Execute the cleaning; a new file will be generated in the notebook.

In [None]:
cleanfile = "cleaned_{}".format(rawfile)
clean_data(rawfile, cleanfile, header=1)

## Data Transform

Function to produce a one-hot-encoded representation of a categorical variable.  Another thing for which there are pandas utilities, if the data fit in memory.  Roll your own and have complete control.

In [None]:
def one_hot(x, mapping):
    return [int(x==m) for m in mapping]

Create a function to transform the cleaned (but otherwise unaltered) data into a format which can be used by the model.  In particular, we need to create a target variable: "was the time between invoice and payment less than 30 days?", and we need to convert the many categorical variables into one-hot encoded column sets.  The numeric variables like dollar amount we will pass through unchanged.

This is a repeat of the functional form of program described above.  While pandas can do a number of these wrangling steps when the data are in memory, it cannot work at scale.  Moreover, this particular functionality (translating the raw data to model-ready data) will *have* to be coded elsewhere as an ETL or Lambda operation in an automated production scenario, as the notebook is only for interactive operations.

In [None]:
def transform_data(infile, outfile, header=1):
    fields = ("DOLLAR AMOUNT",
              "QUANTITY",
              "UNIT PRICE",
              "PAYMENT METHOD",
              "EXPENDITURE TYPE",
              "BU NAME",
              "DEPARTMENT NAME",
              "FUND TYPE",
              "DATA SOURCE", 
              "CALENDAR MONTH")

    categorical = ("PAYMENT METHOD",
                   "EXPENDITURE TYPE",
                   "BU NAME",
                   "DEPARTMENT NAME",
                   "FUND TYPE",
                   "DATA SOURCE",
                   "CALENDAR MONTH")

    entries = {}
    for field in categorical:
        entries[field] = set()
    
    target = []
    iheader = header
    with open(infile, 'r') as fh:
        reader = csv.reader(fh, dialect='excel')
        for cols in reader:
            if(iheader>0):    
                iheader -= 1
                continue

            #-- days between events
            transaction_date = parse_date(cols[C['TRANSACTION DATE']])
            inv_date = parse_date(cols[C['INV DATE']])
            po_date = parse_date(cols[C['PO DATE']])
            po_to_invoice = inv_date - po_date
            invoice_to_trans = transaction_date - inv_date
            
            #-- create the target variable (the thing to be estimated)
            target.append( int(invoice_to_trans.days<30) )
            
            #-- collect unique entries for categorical variables
            for field in categorical:
                entries[field].add(cols[C[field]])

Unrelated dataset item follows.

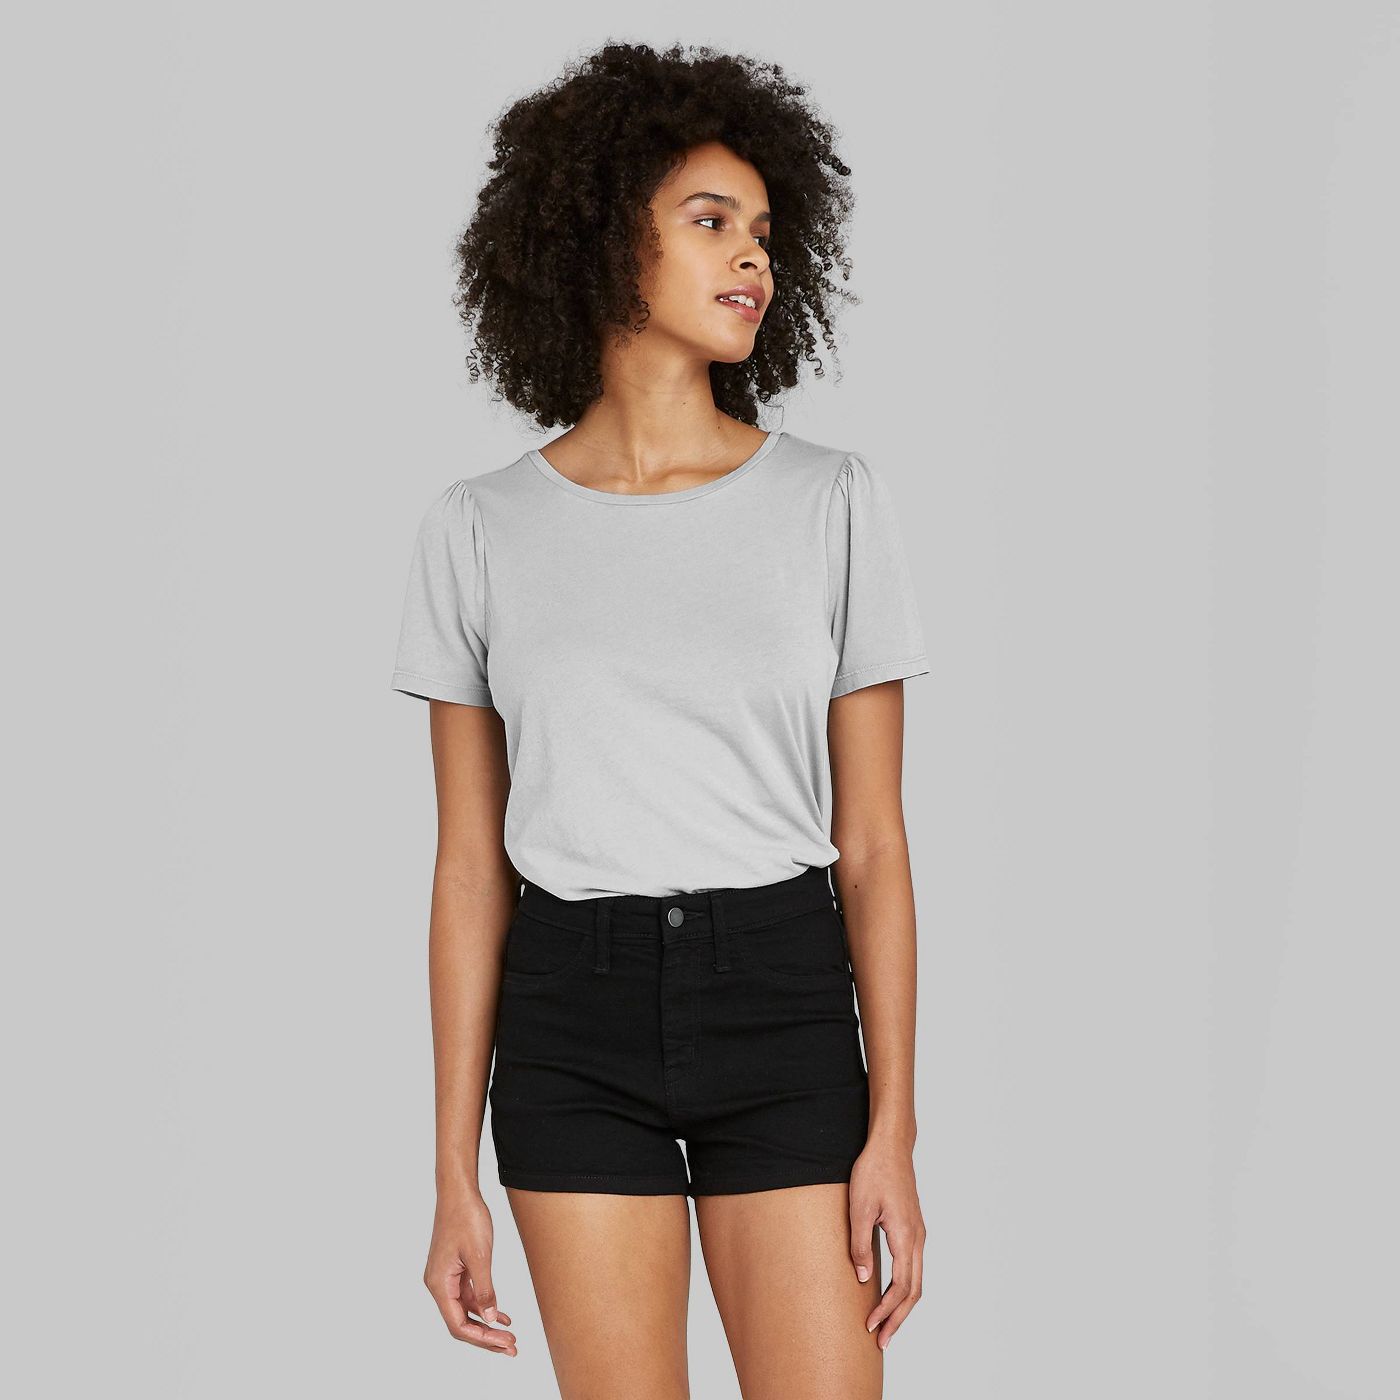 Women's Puff Short Sleeve T-Shirt - Wild Fableâ„¢ - image 2 of 8

    #-- unpack the category mappings
    mappings = {}
    for field in categorical:
        mappings[field] = sorted(list(entries[field]))

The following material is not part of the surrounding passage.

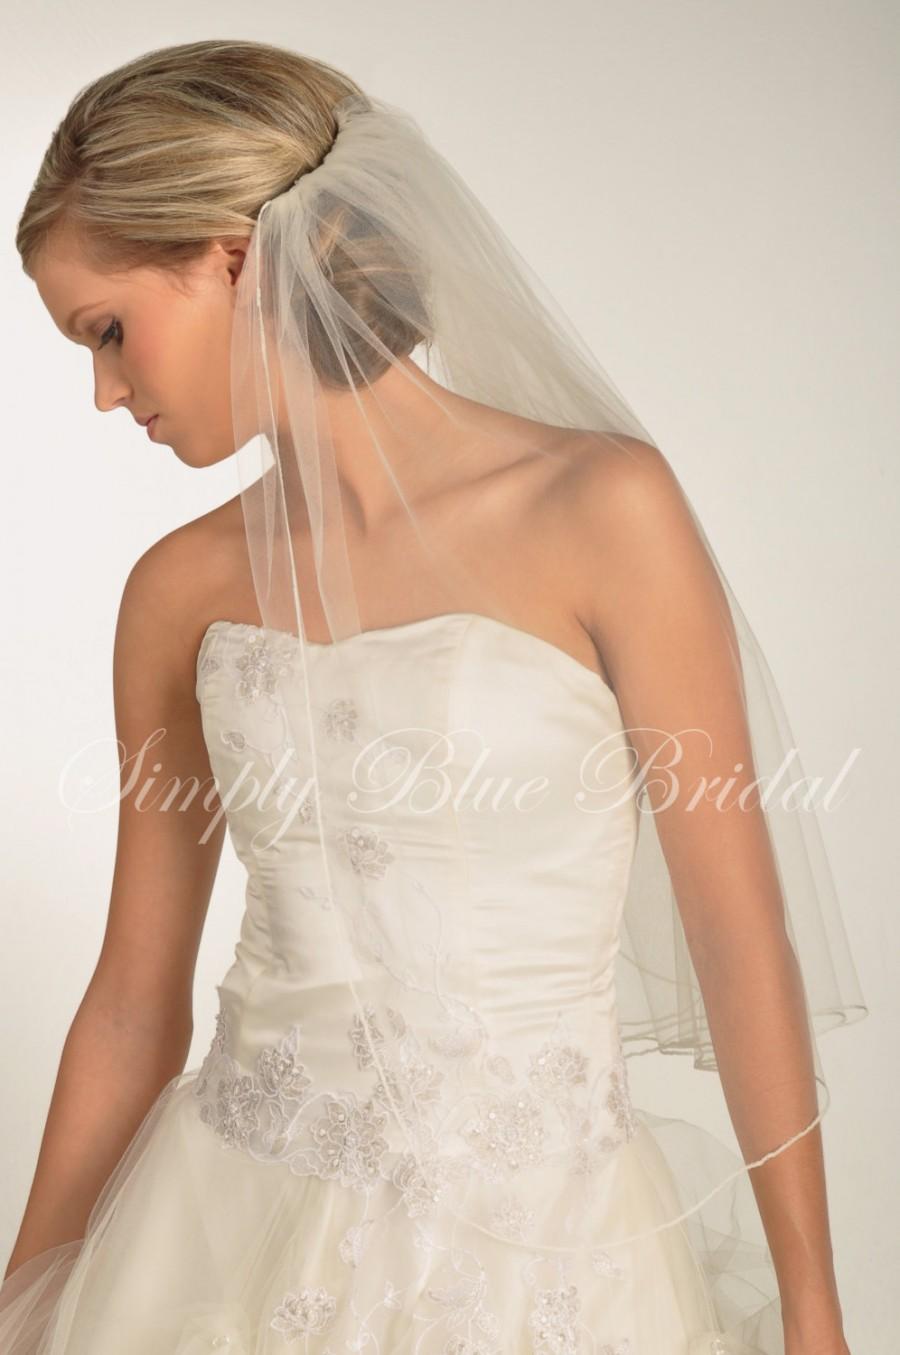 زفاف - Veil for Brides, Short Veil - Simply Pencil Edge Veil - Elbow or Fingertip Length

    #-- encoded columns starts with target variable
    encoding = ['target']
    
    for field in fields:
        if(field in categorical):
            colname = [field+" "+m for m in mappings[field]]
        else:
            colname = [field]
        encoding.extend(colname)
    
    print("\n".join(encoding))
    
    #-- save the encoded column order
    with open('encoding.txt', 'w') as fh:
        for field in encoding:
            fh.write(field+"\n")
    
    fhout = open(outfile, 'w')
    writer = csv.writer(fhout, dialect='excel')

    i = 0
    iheader = header
    with open(infile, 'r') as fh:
        reader = csv.reader(fh, dialect='excel')
        for cols in reader:
            if(iheader>0):    
                iheader -= 1
                continue

            outcols = [ target[i] ]
            i+=1

            skip = False
            for field in fields:
                if(field in categorical):
                    outc = one_hot(cols[C[field]], mappings[field])
                else:
                    try:
                        outc = [float(cols[C[field]])]
                    except ValueError:
                        print(field, cols[C[field]])
                        skip = True
                outcols.extend(outc)
                
            if(not skip):
                writer.writerow(outcols)
    fhout.close()

Perform the encoding, yielding model-ready data and a text file with the column names.

In [None]:
encodedfile = "encoded_{}".format(rawfile)
transform_data(cleanfile, encodedfile, header=1)

The model does not accept column headers, so they were saved to a text file during the transformation as a convenience.  Read those for later.

In [None]:
column_names = pd.read_csv('encoding.txt', header=None)
column_names = list(column_names[0].values)

Load the encoded data into pandas for examination

In [None]:
encoded = pd.read_csv(encodedfile, names=column_names, header=None)

Examine the target variable distribution.  If this was very lopsided, we might evaluate if we're estimating the right variable, or if we've got enough data to support estimating on the small category.

In [None]:
encoded['target'].value_counts()

Function to split rows of a CSV file randomly into train/validate/test CSV files.  Another case of rolling a memory-safe version of a pandas convenience function.

In [None]:
def split3(infile, breaks, header=0):

    filenames = ('train.csv', 'validate.csv', 'test.csv')
    filehandles = {}
    for filename in filenames:
        filehandles[filename] = open(filename, 'w')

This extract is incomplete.